* [What to work on]:
When you reach the line containing "Do's and Dont's o using a computer", start transcribing exactly and continue through the last line of the data, skipping every picture.

* [Information shown]:
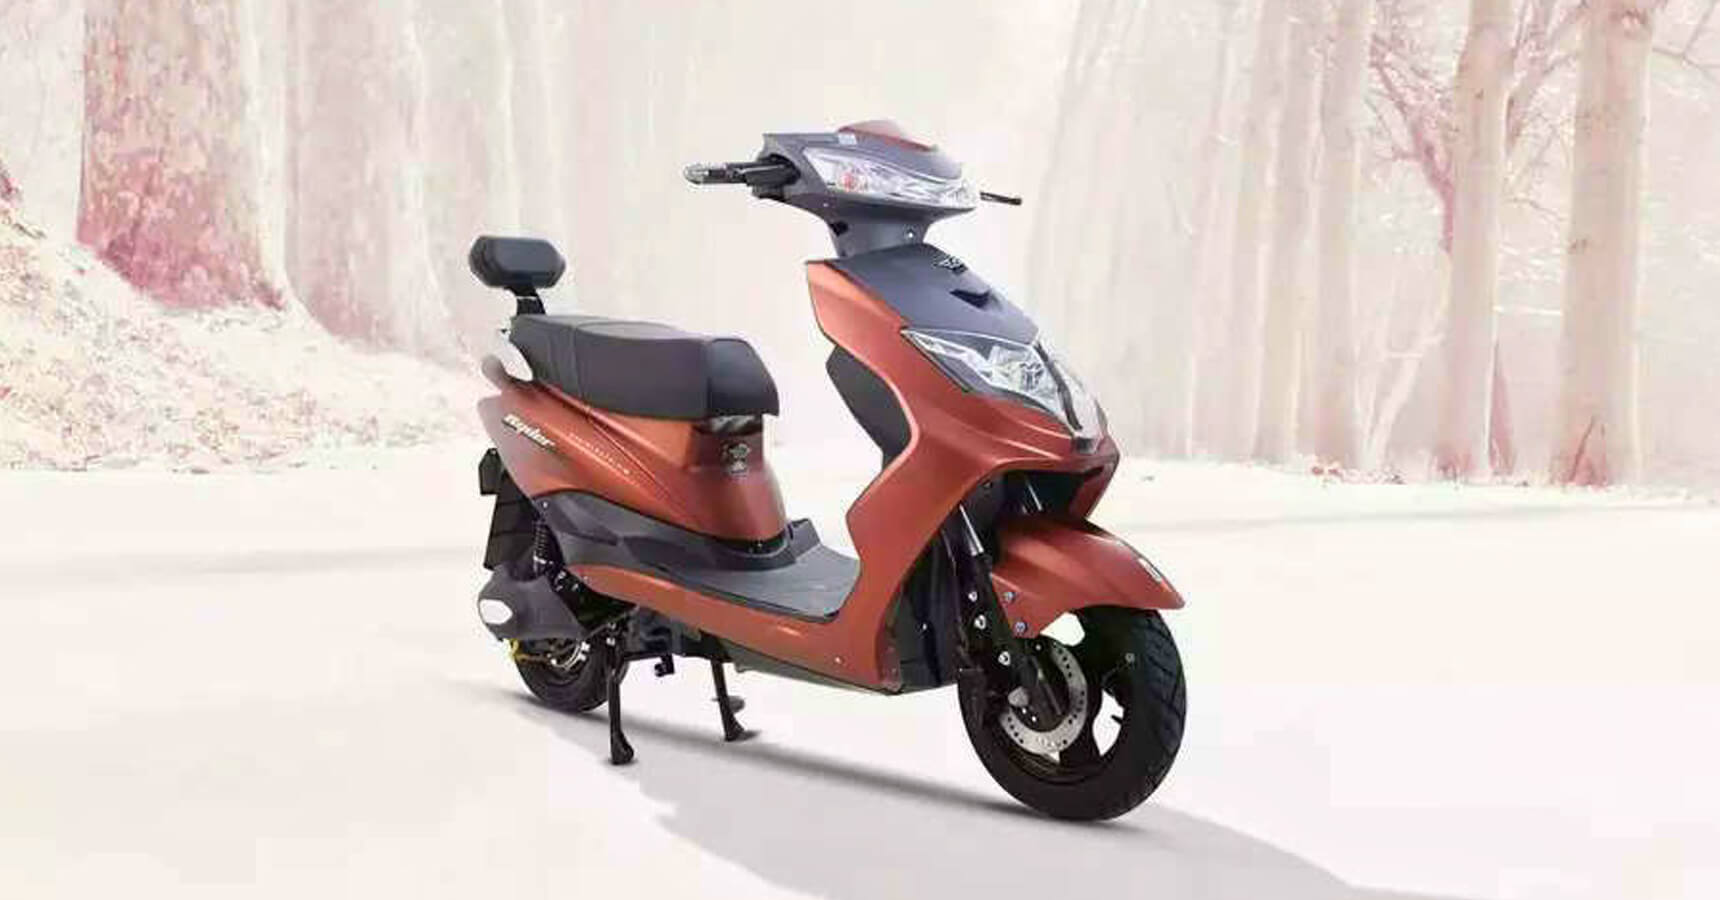 Gemopai Ryder Supermax E-Scooter Launched in India
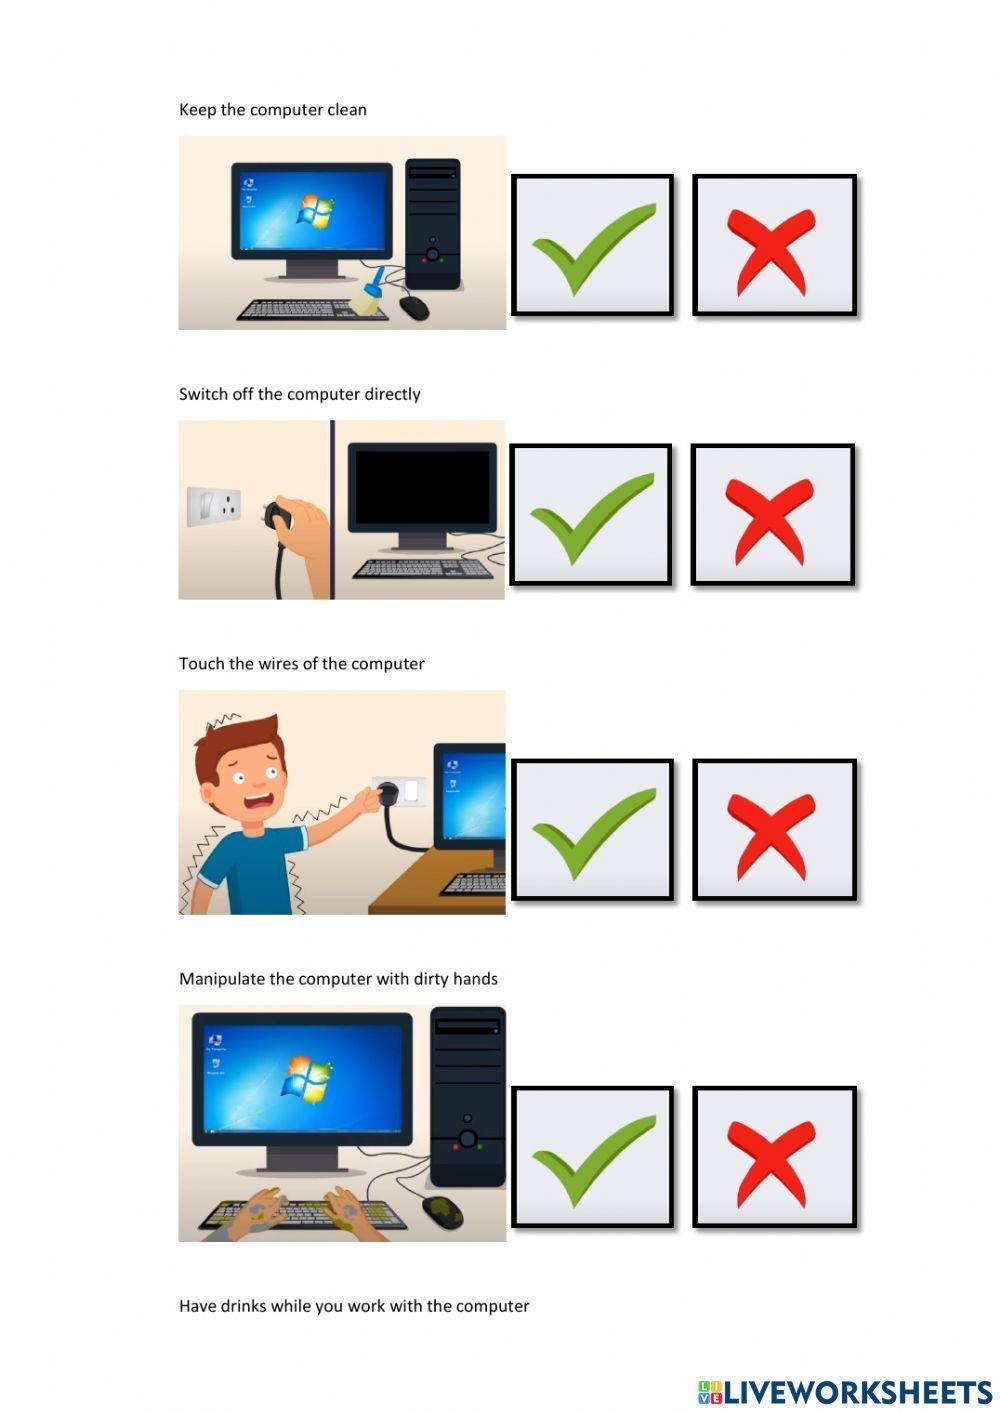 Do's and Dont's o using a computer
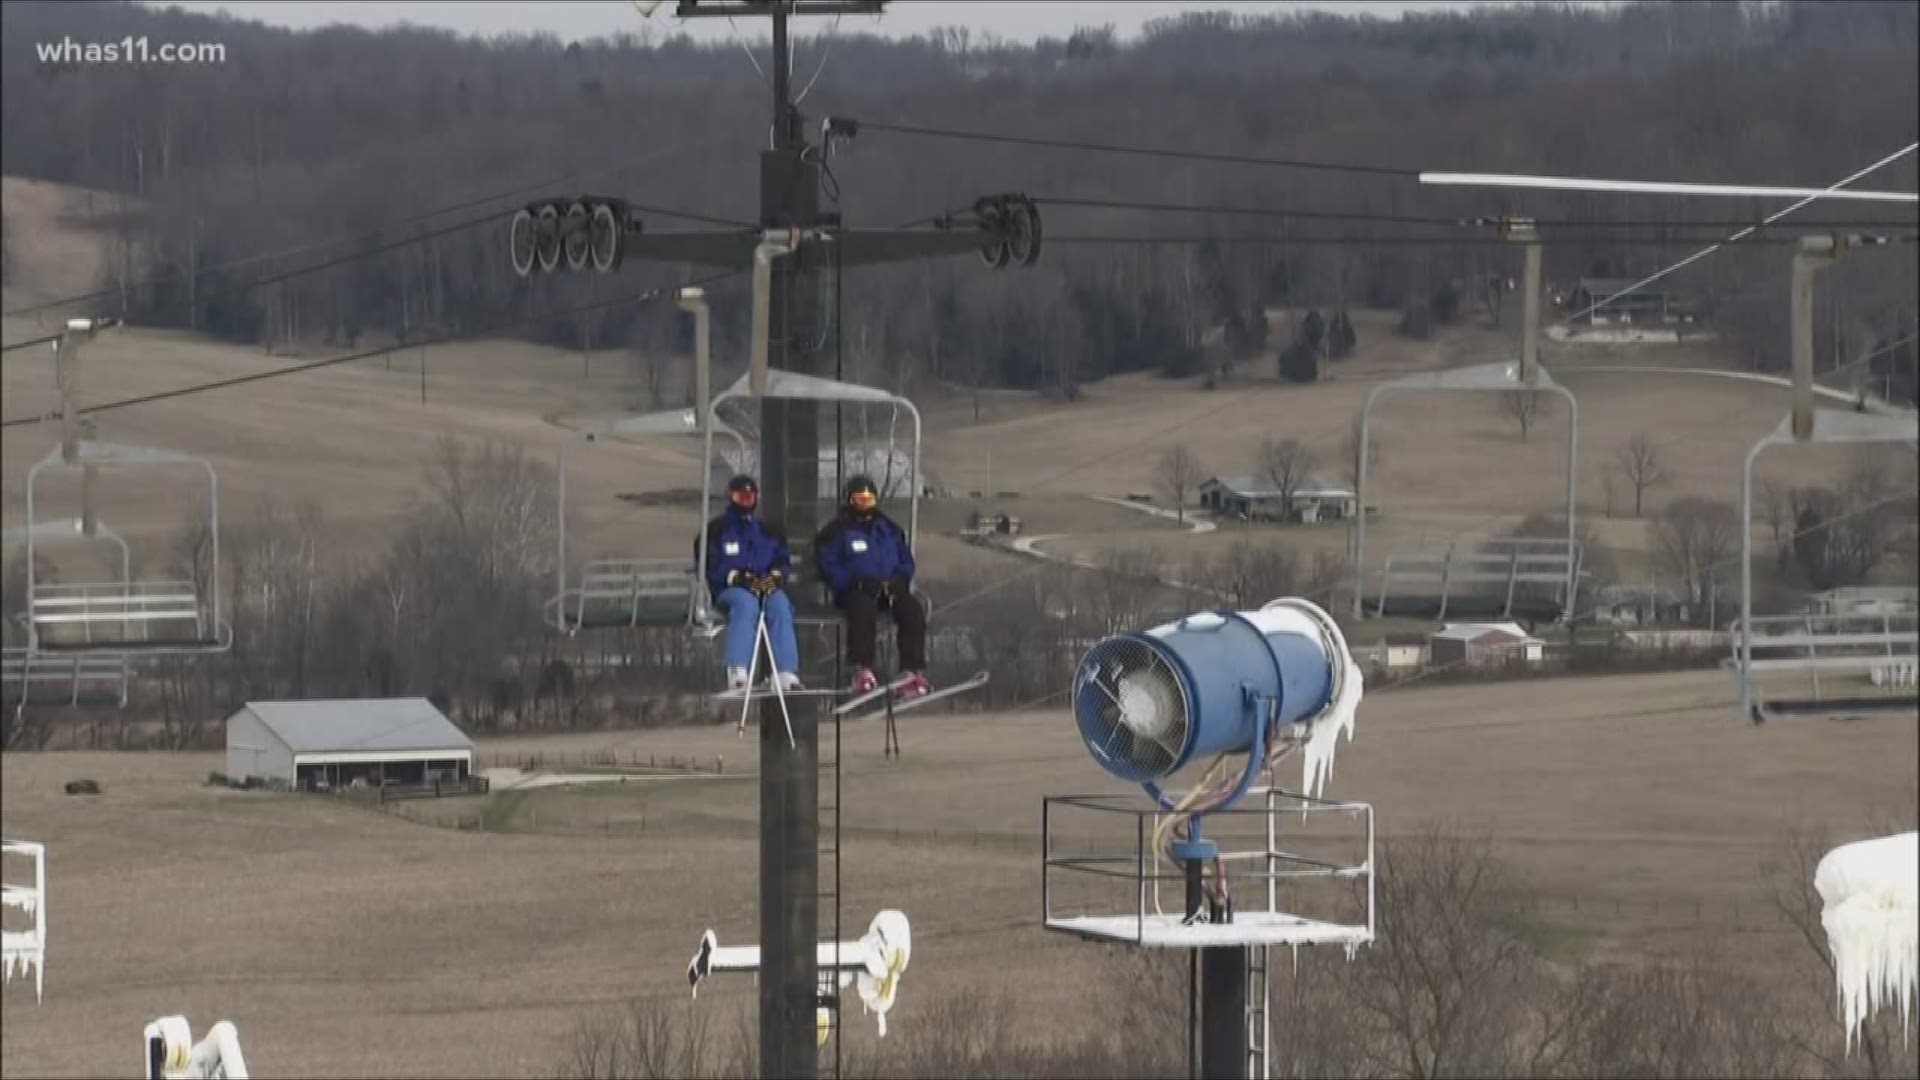 The resort had to close because of warm weather during December. Paoli Peaks opened today.
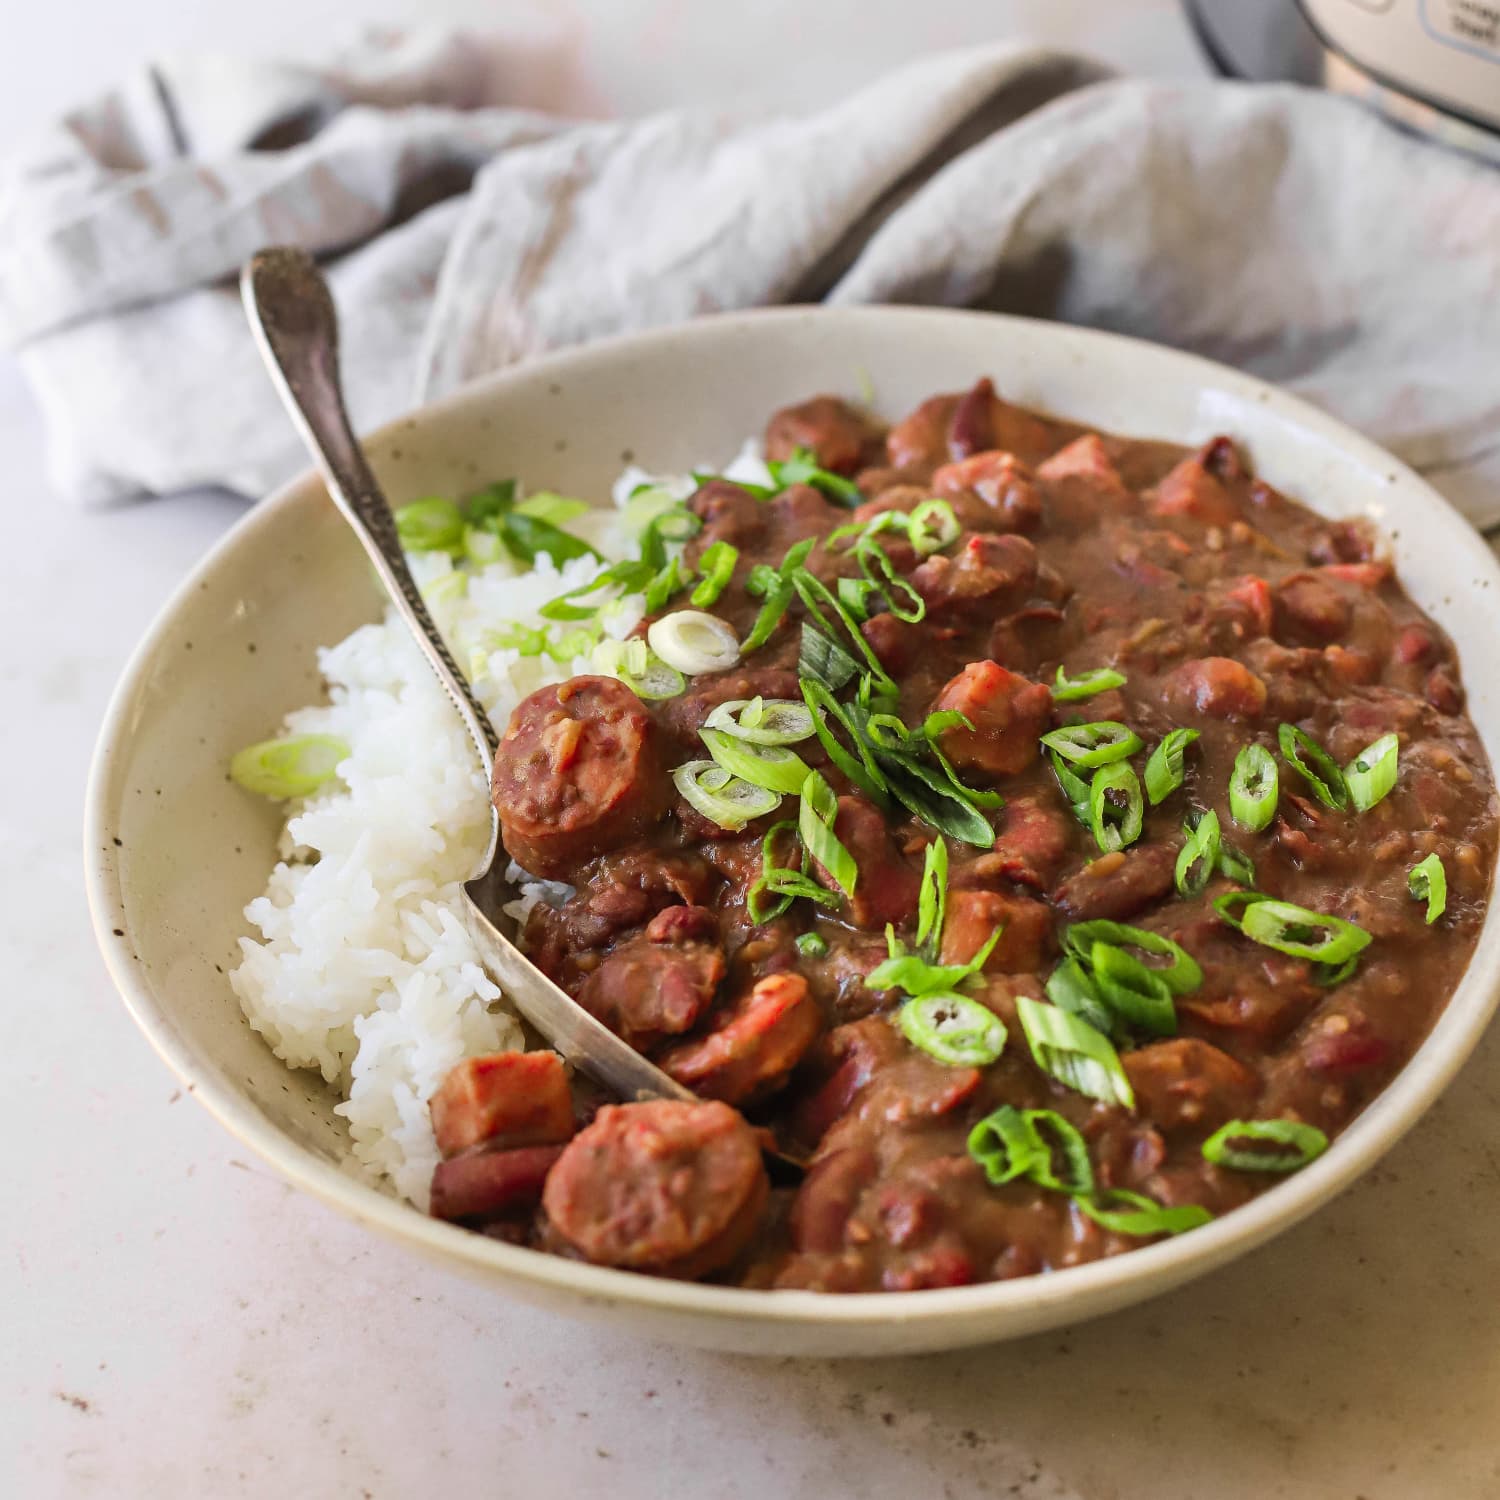 https://cdn.apartmenttherapy.info/image/upload/f_jpg,q_auto:eco,c_fill,g_auto,w_1500,ar_1:1/k%2FEdit%2F2023-01-Instant-Pot-Red-Beans-And-Rice%2FInstant_Pot_Red_Beans_and_Rice-3

* [Exercise answer]:
 Do's and Dont's o using a computer
 The resort had to close because of warm weather during December. Paoli Peaks opened today.
 https://cdn.apartmenttherapy.info/image/upload/f_jpg,q_auto:eco,c_fill,g_auto,w_1500,ar_1:1/k%2FEdit%2F2023-01-Instant-Pot-Red-Beans-And-Rice%2FInstant_Pot_Red_Beans_and_Rice-3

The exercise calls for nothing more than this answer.